The study found that in Newham – one ofLondon’s poorest boroughs, families would need a combined income of £43,384 to escape the housing benefit trap. All sample households studied, with the limited exception of those with a median income level and two full-time working adults, would require housing benefit to afford a three-bedroom property. Rents could increase by as much as £233 a week for social tenants in the most desirable streets of the borough.
The higher end of middle income earners will be the ones who can possibly afford to pay these rents. But they will do so at the expense of the low income earners further forcing them to move out and concentrate in areas of high deprivation. This in turn may mean they will not be able to afford to pay the high costs in commuting to their work places. This will lead to job losses further exacerbating dependency on benefits in deprived areas, at the same time leaving affluent parts of our towns and cities without the core work skills.

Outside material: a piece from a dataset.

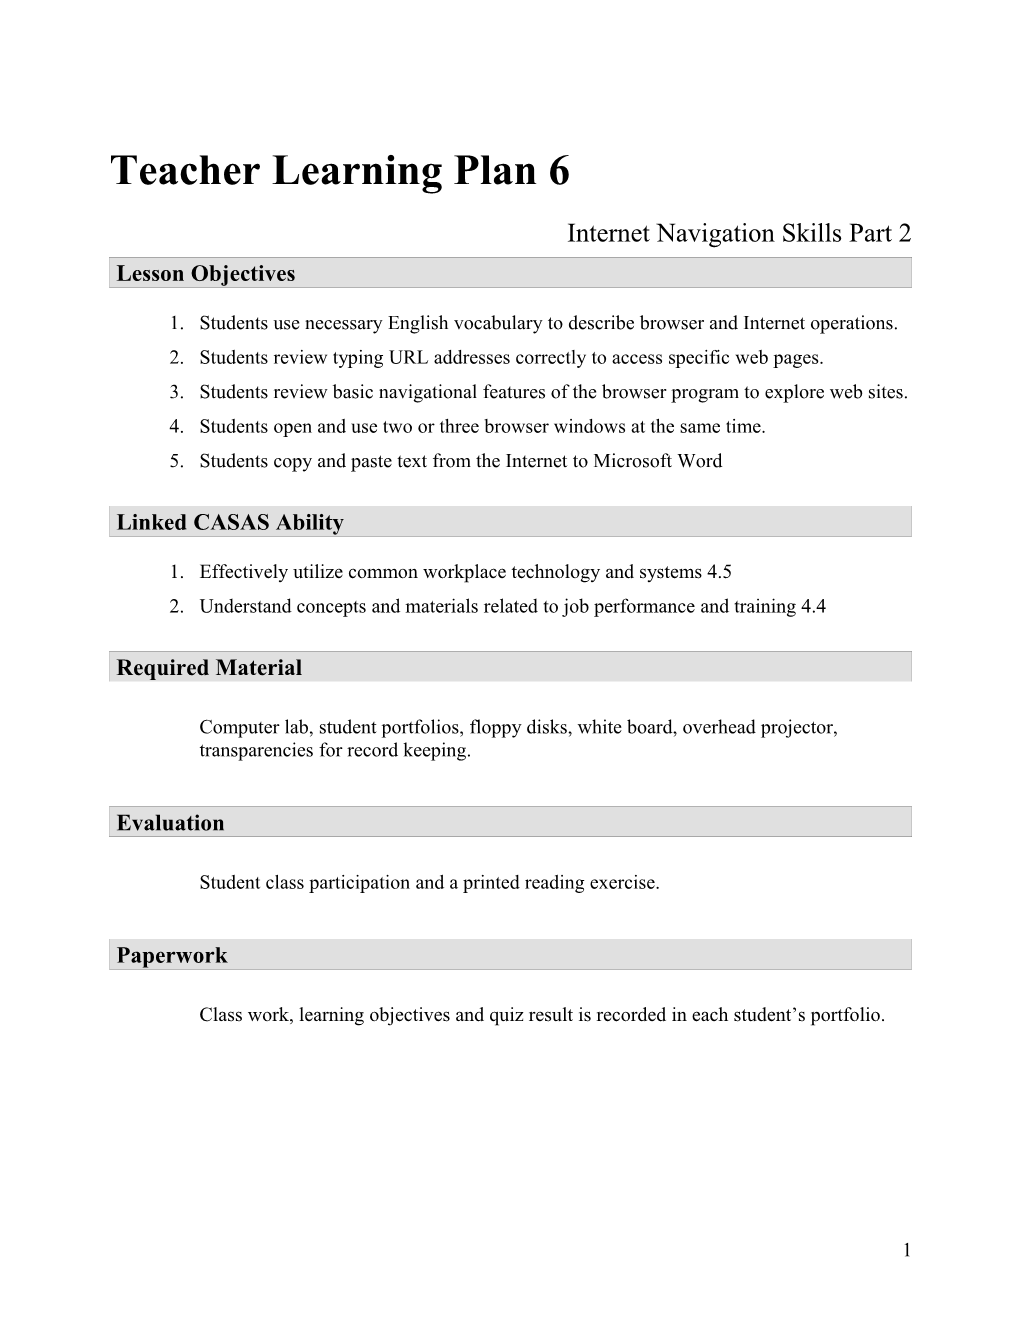 Teacher Learning Plan 5

This policy is ideological in nature, conceived by a Right wing government who aspires to see the cleansing of the poor out of the more affluent parts of our cities, driving a deliberate policy of concentrating dysfunctional families in council estates to create a medium – a justification if you like, in order to privatise council housing. On the one hand it proposes to increase social rents; on the other hand it caps housing benefits, creating a contradiction by nature. It pretends to lift the poor out of deprivation and smacks in the face of diversity and community cohesion, and will further exacerbate the divide between the haves and the have-nots in to geographically defined areas. It is nothing less than a con.
This crisis will not be resolved through ideology. For as long as ‘housing’ is considered to be contributing to the nation’s asset-wealth instead of providing ‘affordable homes’ for the many who need or want one – regardless of their social need or background, there will be no solution in sight.
Resolving this problem requires a brave government who would be prepared to drive down artificially high market rents by increasing social housing stocks to sufficient levels in high demand areas at the same time pealing this asset from the nation’s balance sheet. This seems unattainable at first glance but through self financing regeneration schemes and a combination of government grants obtained from council housing revenue receipts it is possible.
On paper the nation may well appear poorer if this were to happen, but that would be mitigated many times over through a housing benefit bill which would come down drastically to realistic levels. It would be mitigated when people who are currently in ‘artificial’ benefit traps, would be incentivised to work because a larger portion of their income would be retained instead of it being spent on extortionately high rents. That would boost productivity and contribute to the nation’s wealth.
A brave government indeed! The question is, who will accept the challenge!